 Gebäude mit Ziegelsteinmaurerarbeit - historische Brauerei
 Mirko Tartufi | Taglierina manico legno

---

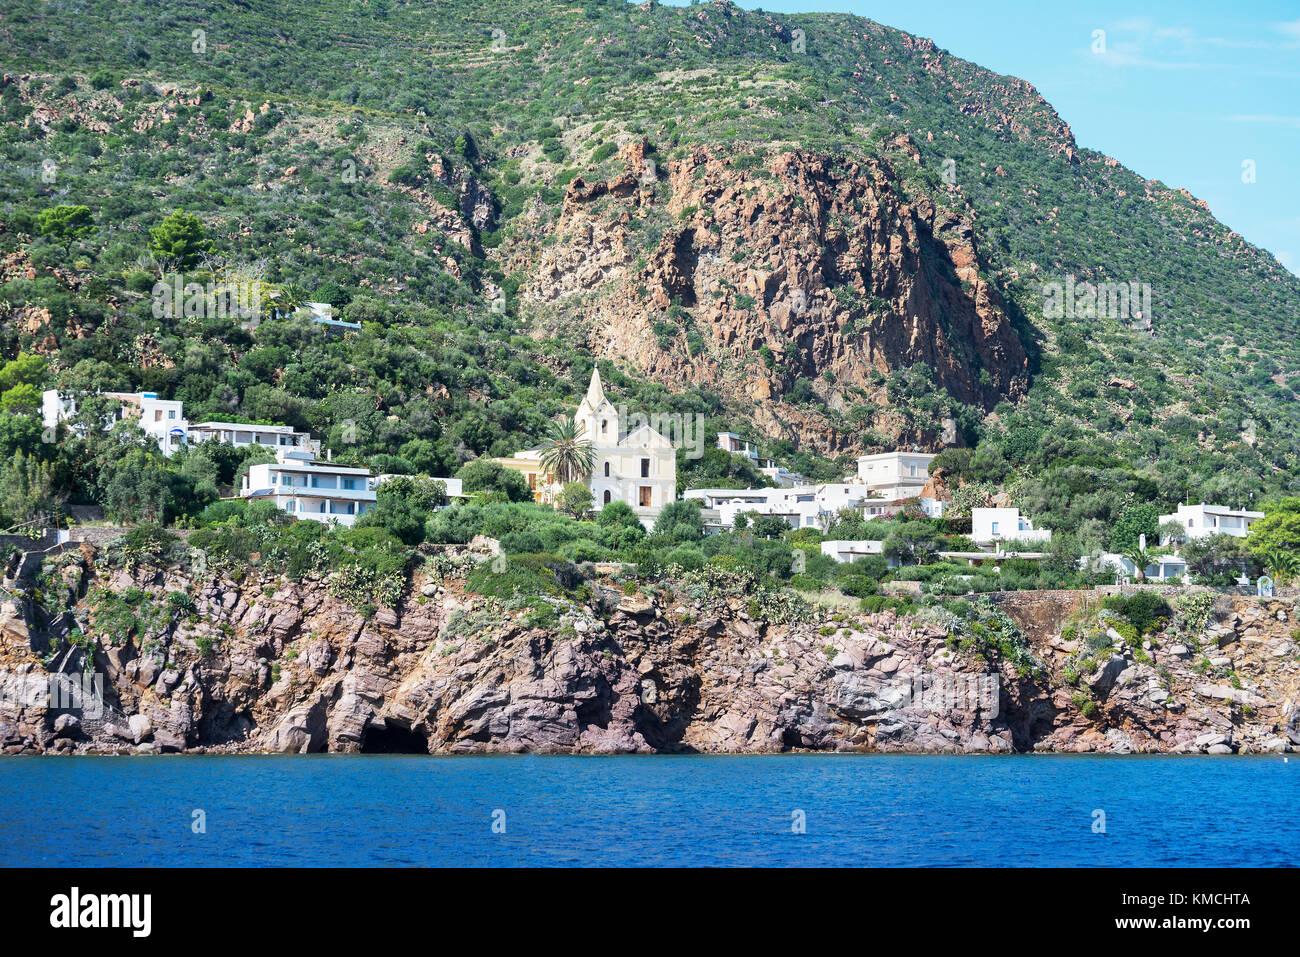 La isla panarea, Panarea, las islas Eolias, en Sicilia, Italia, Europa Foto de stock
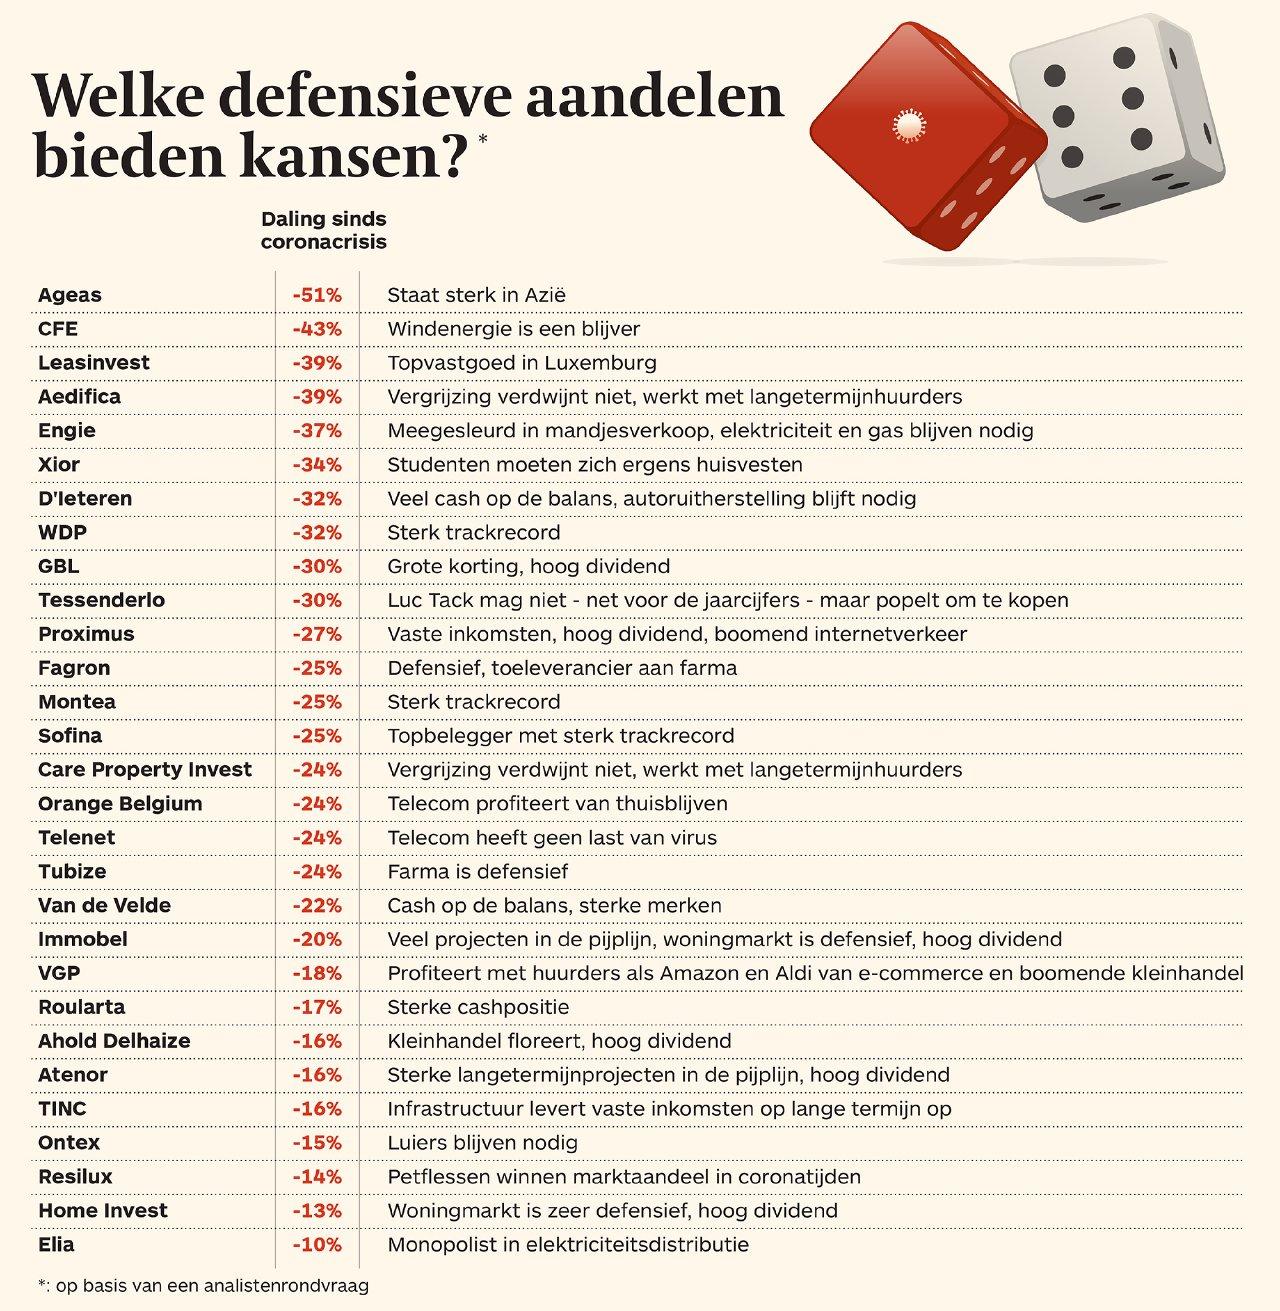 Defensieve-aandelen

==

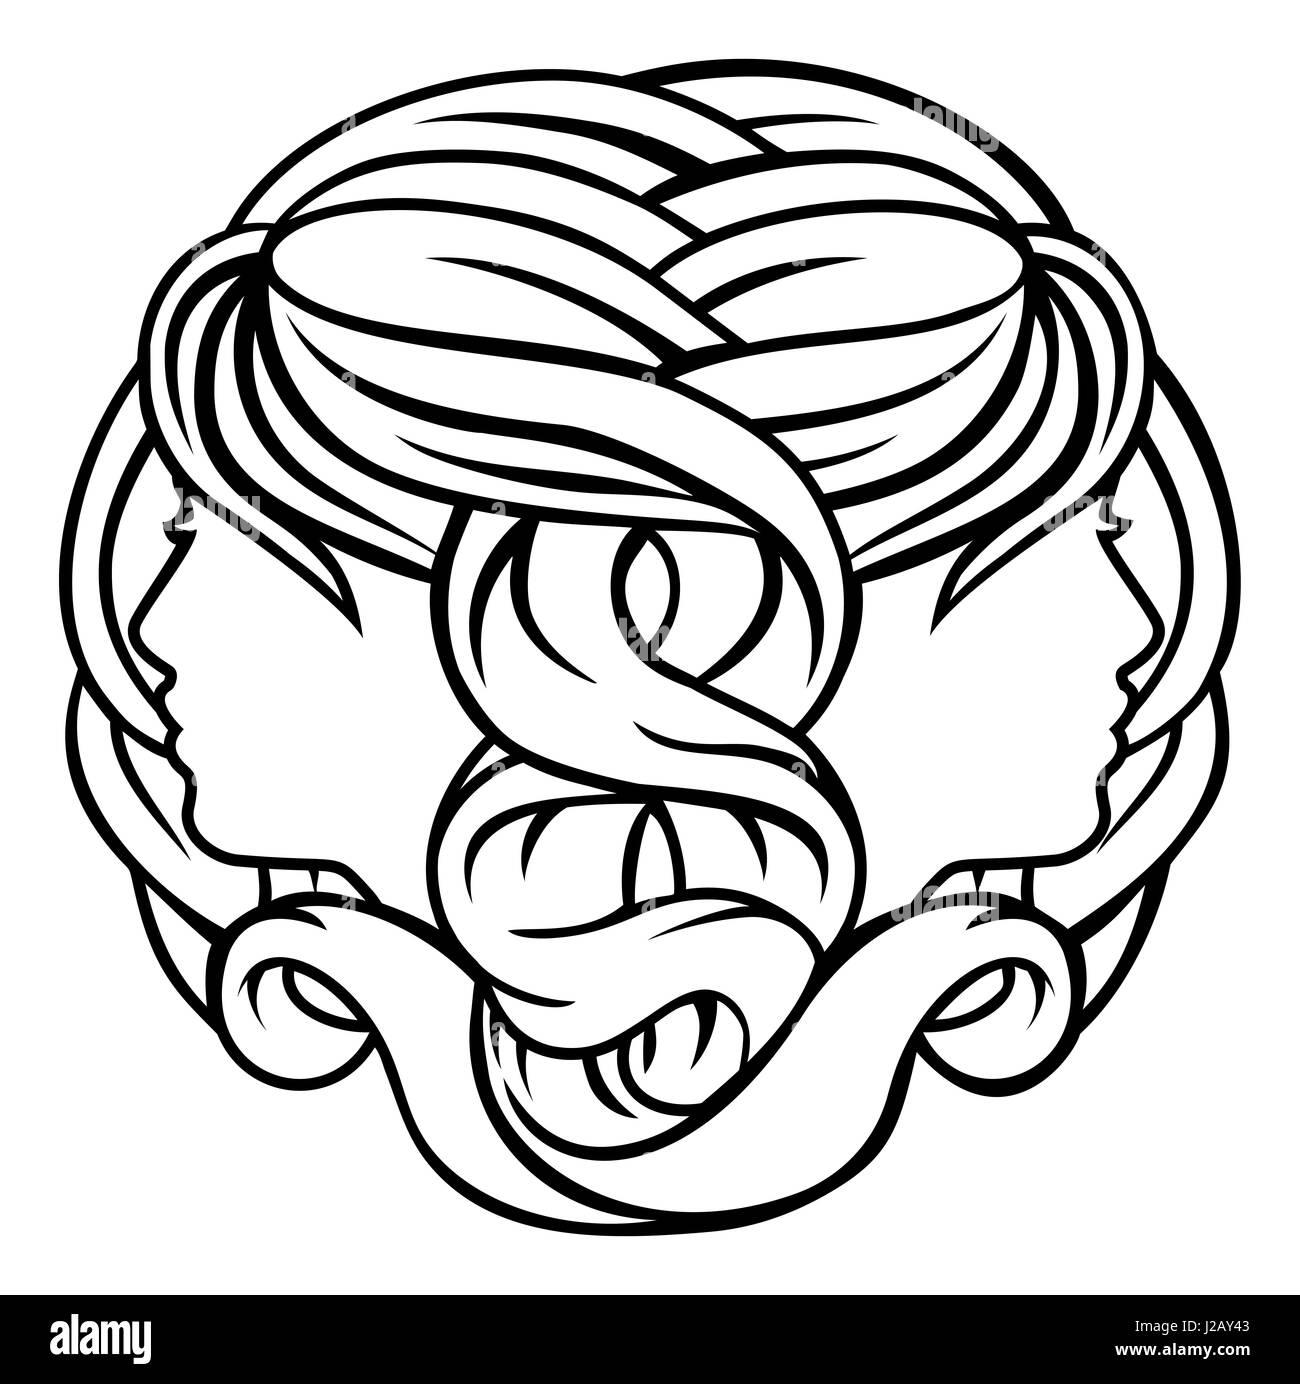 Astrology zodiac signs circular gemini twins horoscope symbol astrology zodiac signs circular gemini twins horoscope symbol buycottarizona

§ Aim of the exercise: All that belongs in the answer is the run of lines above from the line containing "Gebäude mit Ziegelsteinmaurerarbeit" through the line containing "Mirko Tartufi | Taglierina manico legno", exactly as written.

§ Finished exercise:
 Gebäude mit Ziegelsteinmaurerarbeit - historische Brauerei
 Mirko Tartufi | Taglierina manico legno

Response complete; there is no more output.